Both these papers deal with presumed pain-relieving properties of acupuncture modalities observed in small animal models; in contrast, the health benefits claimed by acupuncturists are generally vast and diverse. In general, regardless of the exact mechanisms, for these claims to reach any validity, they would need to be established in human patients via empirical studies, as well as clinical trials. While animal models are not subject to “placebo effect” – therefore, the observed effects are empirically true – the scope of the effects is by design and by necessity much limited in them; mechanisms and pathways in animal models may not always reflect human conditions. Several of these confounding factors are identified in Langevin et al.‘s review; others are pointed out in a 2010 NEJM Clinical Therapeutics feature by Berman, Langevin, and others, who state while explaining observations of sham acupuncture being equally effective as real acupuncture:
“… the specific therapeutic effects of acupuncture, if present, are small, whereas its clinically relevant benefits are mostly attributable to contextual and psychosocial factors, such as patients’ beliefs and expectations, attention from the acupuncturist, and highly focused, spatially directed attention on the part of the patient.”
Professor Wu’s answers, therefore, raise more questions. (I’d probably not re-ask them in the PLOS One comments, though.)
In 2015, you will find that Acupuncture is both and art and science.

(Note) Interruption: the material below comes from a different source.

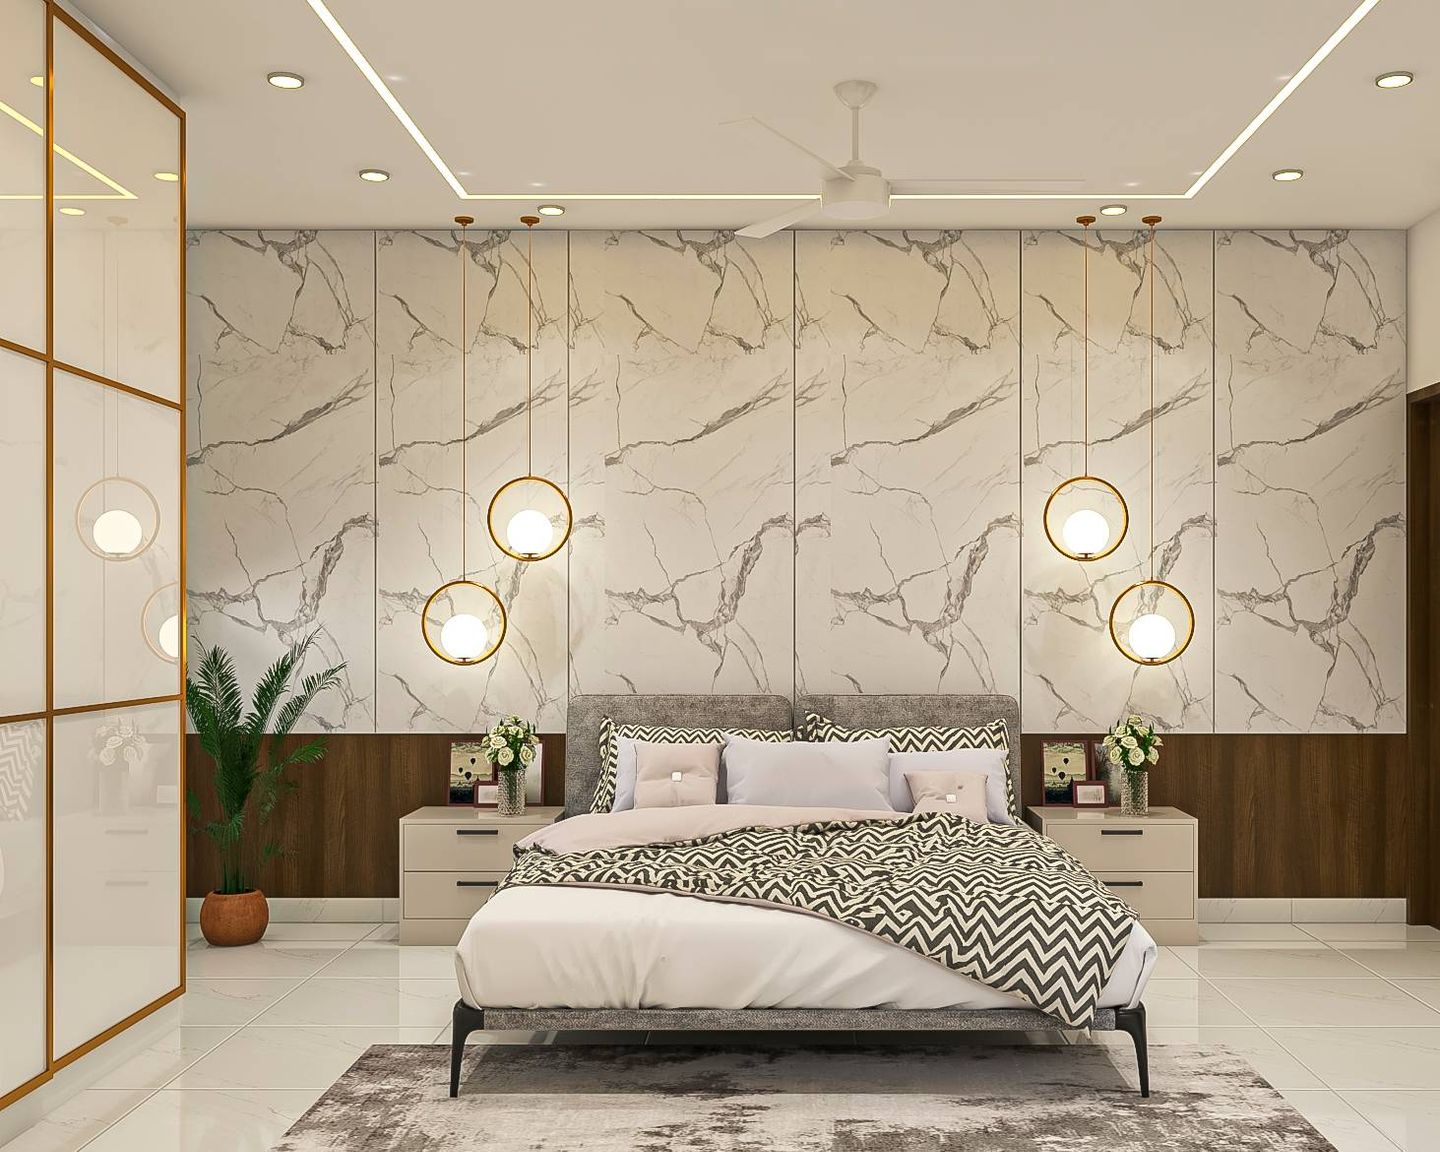 Bedroom Design With Marble And Wooden Wall - Livspace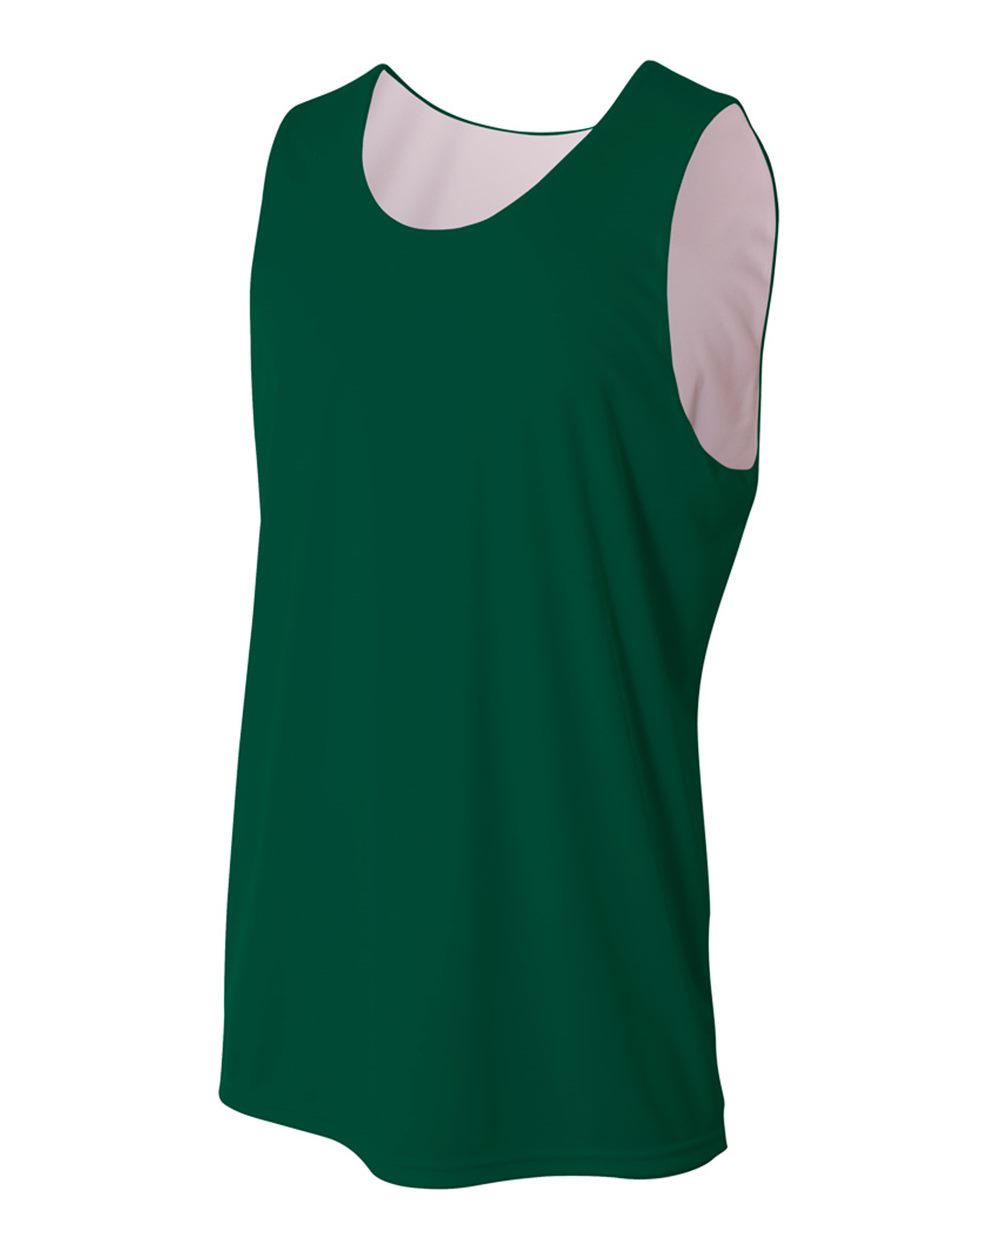 Reversible Dry-Fit Jump Jersey #800

The art is — well profoundly well balanced within that time in history, the culture and the real-life observations.
The science is in the book of C. Chan Gunn, MD and an old study done by Cannon Law of denervation.
If you want more evidence you can study Gunn works. Then you can blend his work into that of Travell, Simons, Rachlin, Hackett et al for the complete 360 view of what is not very observable in the bits and pieces of RCT research.
I have a question: does medical training in the US not include any training whatsoever in the basic sciences, scientific methods, objective evaluation of scientific evidence, and so forth?
I cannot easily wrap my head around the fact that a properly-trained, board-certified medical practitioner – such as you, Dr. Rodrigues (and of course, we have Dr. Oz as a prime example) – can invest themselves so deeply in pseudoscientific, evidence-poor, nonsensical woo-woo like acupuncture. Do you seriously consider you are helping your patients by leading them to think that these modalities have any therapeutic value?
What “time in history” are you talking about, pray tell? If you think of acupuncture as “an ancient medical system”, you are possibly not very conversant with the history of acupuncture in China. And before you talk about RCT research, please educate me, from the anatomy lessons you learnt in medical school, what are the anatomical localizations and correlates of meridians and acu-points?